Я надела перчатки, открыла конверт и прочла:

Что осыпает
сакура лепестками?
Мертвые кости.

Это хайку мне удалось перевести без труда. Оно вполне могло быть написано по случаю невинного созерцания цветения вишни на кладбище Янаки, но все равно мне стало как-то не по себе.

Я положила письмо в пакет, где уже лежало хайку о красотке, которую застал дождь. Теперь мне не нужна была помощь господина Ваки. Я думала о другом своем старом друге, о господине Исиде, который нуждался в моем участии. Я еще раз набрала номер телефона магазина Исиды в надежде, что он чувствует себя лучше и может снять трубку. Он снял.

— Как я рада, что вы дома и в добром здравии! — сказала я, даже забыв поздороваться.

— Более-менее. С глазом все будет в порядке. У меня повреждена роговица. Это чертовски больно, но со временем пройдет. Хорошо, что обошлось, а то без глаз при моей работе я бы пропал.

— Извините, что вытащила вас вчера. Если бы я пошла одна, то ничего бы не случилось, — сказала я.
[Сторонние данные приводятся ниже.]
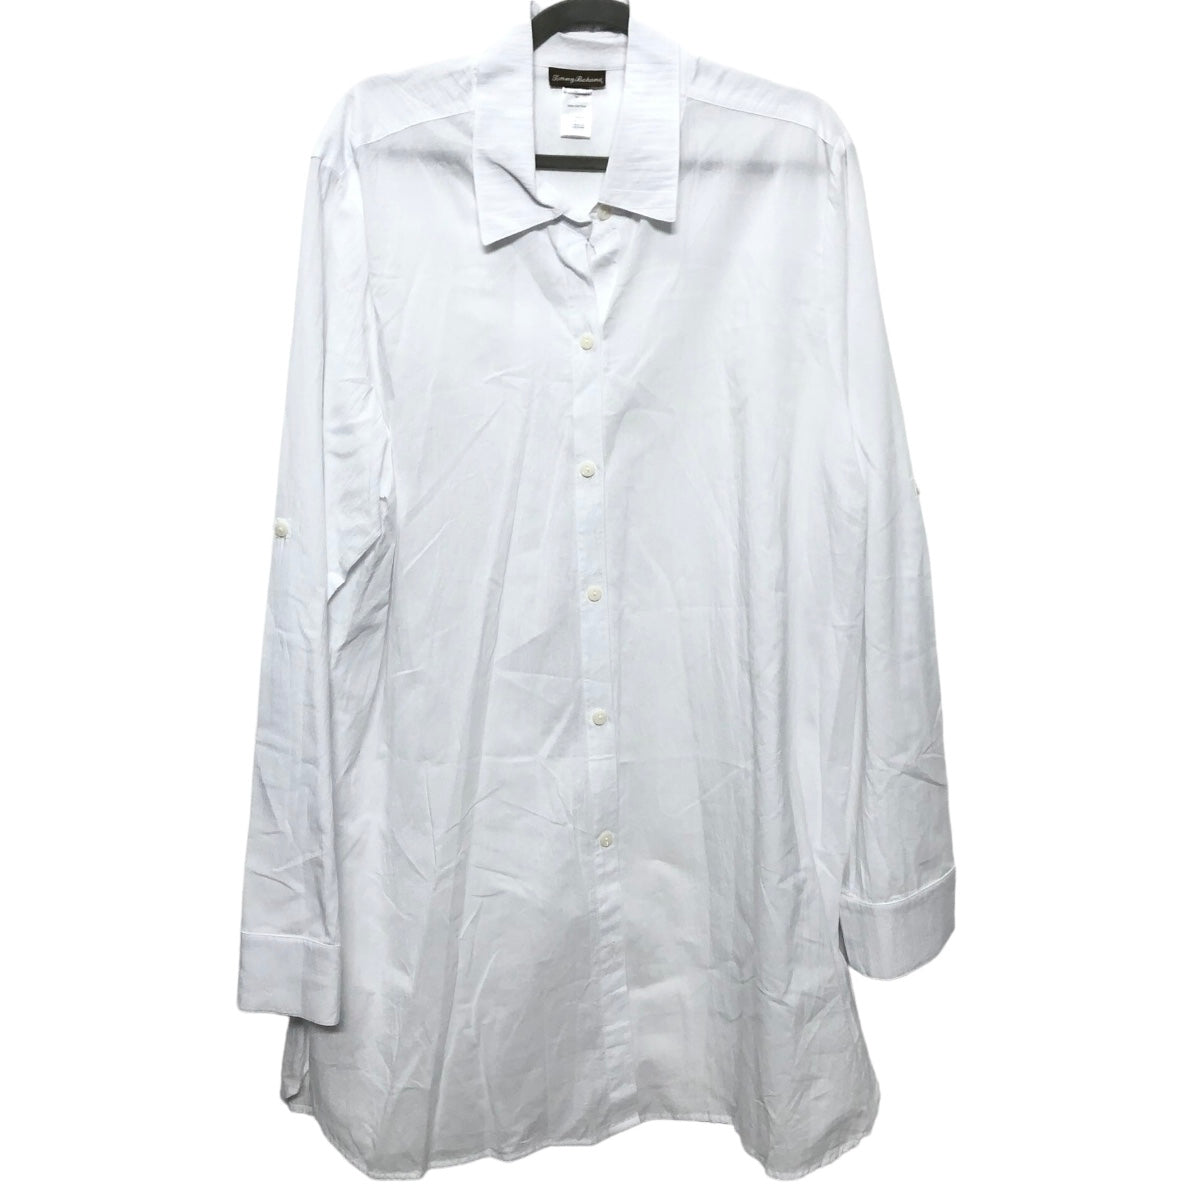 White Tunic Long Sleeve Tommy Bahama, Size 3x
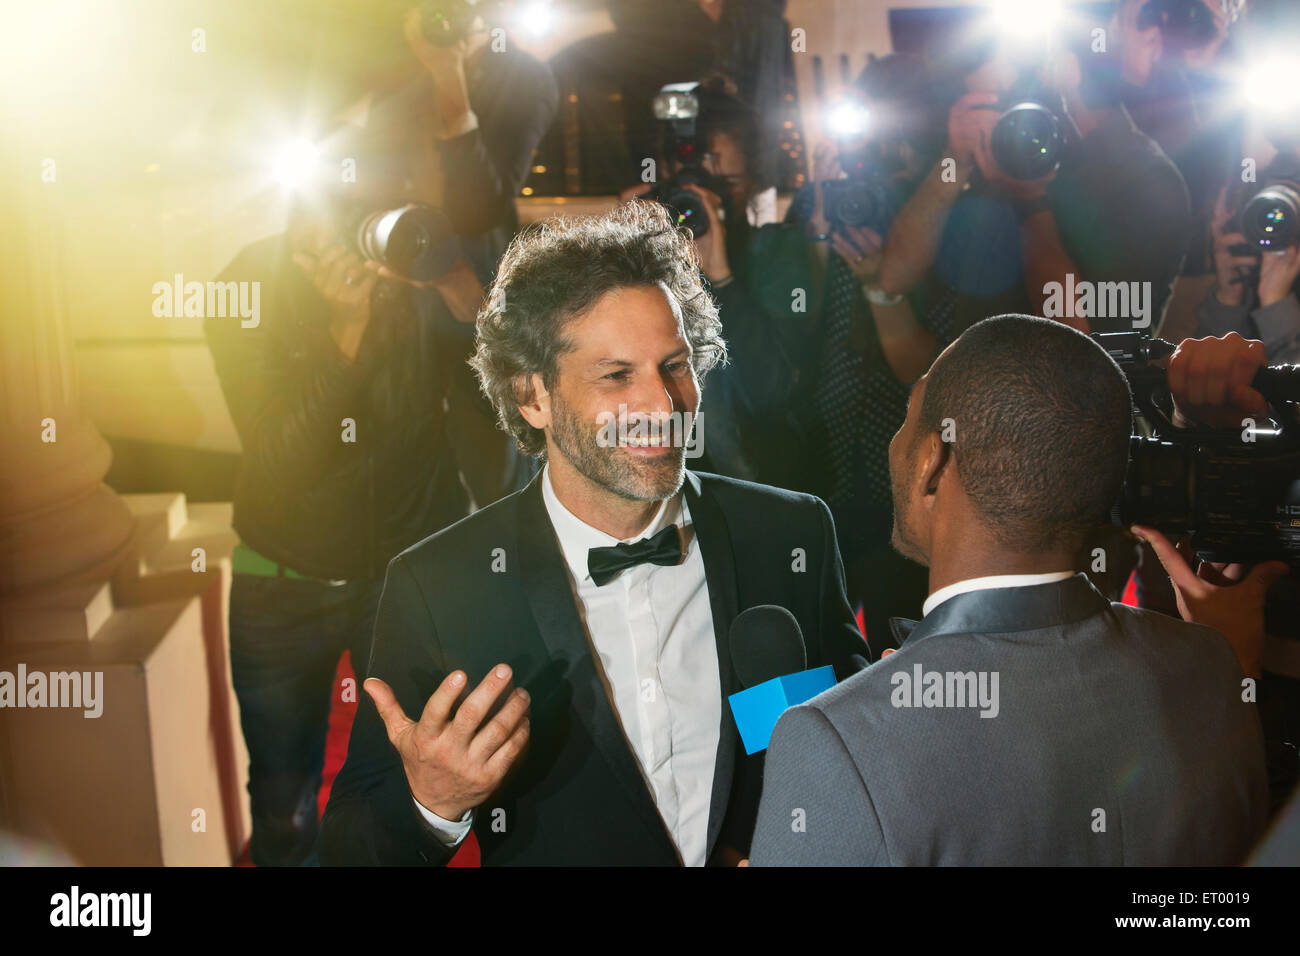 Prominenten interviewt und fotografiert von Paparazzi-Fotografen bei Veranstaltung Stockfoto

— Вы все сделали правильно, — ответил господин Исида. — Если Каяма говорит, что его фамильная коллекция керамики пропала, я ему верю. С другой стороны, не исключено, что мне прислали посуду, которой не было на школьном складе. Мне нужен каталог этой керамики, чтобы понять, что к чему.

— Почему бы вам не согласиться продать вазы Такео. Ему все равно, сколько это стоит, лишь бы вернуть их обратно.

— Это невозможно, Симура-сан. Моя репутация пострадает, если люди узнают, что я заставил жертву ограбления выкупать вещи, украденные из его собственного дома.

Мы поговорили еще, но выхода из хитросплетений коммерческой этики так и не обнаружили.

Потом я позвонила в цветочный магазин по соседству и попросила составить для господина Исиды весенний букет, только чтобы он не был похож на похоронный. К букету я приложила открытку с пожеланиями скорейшего выздоровления от меня и Такео. Разорившись на четыре тысячи иен, я позволила себе заварить изысканного чаю и погрузилась в размышления.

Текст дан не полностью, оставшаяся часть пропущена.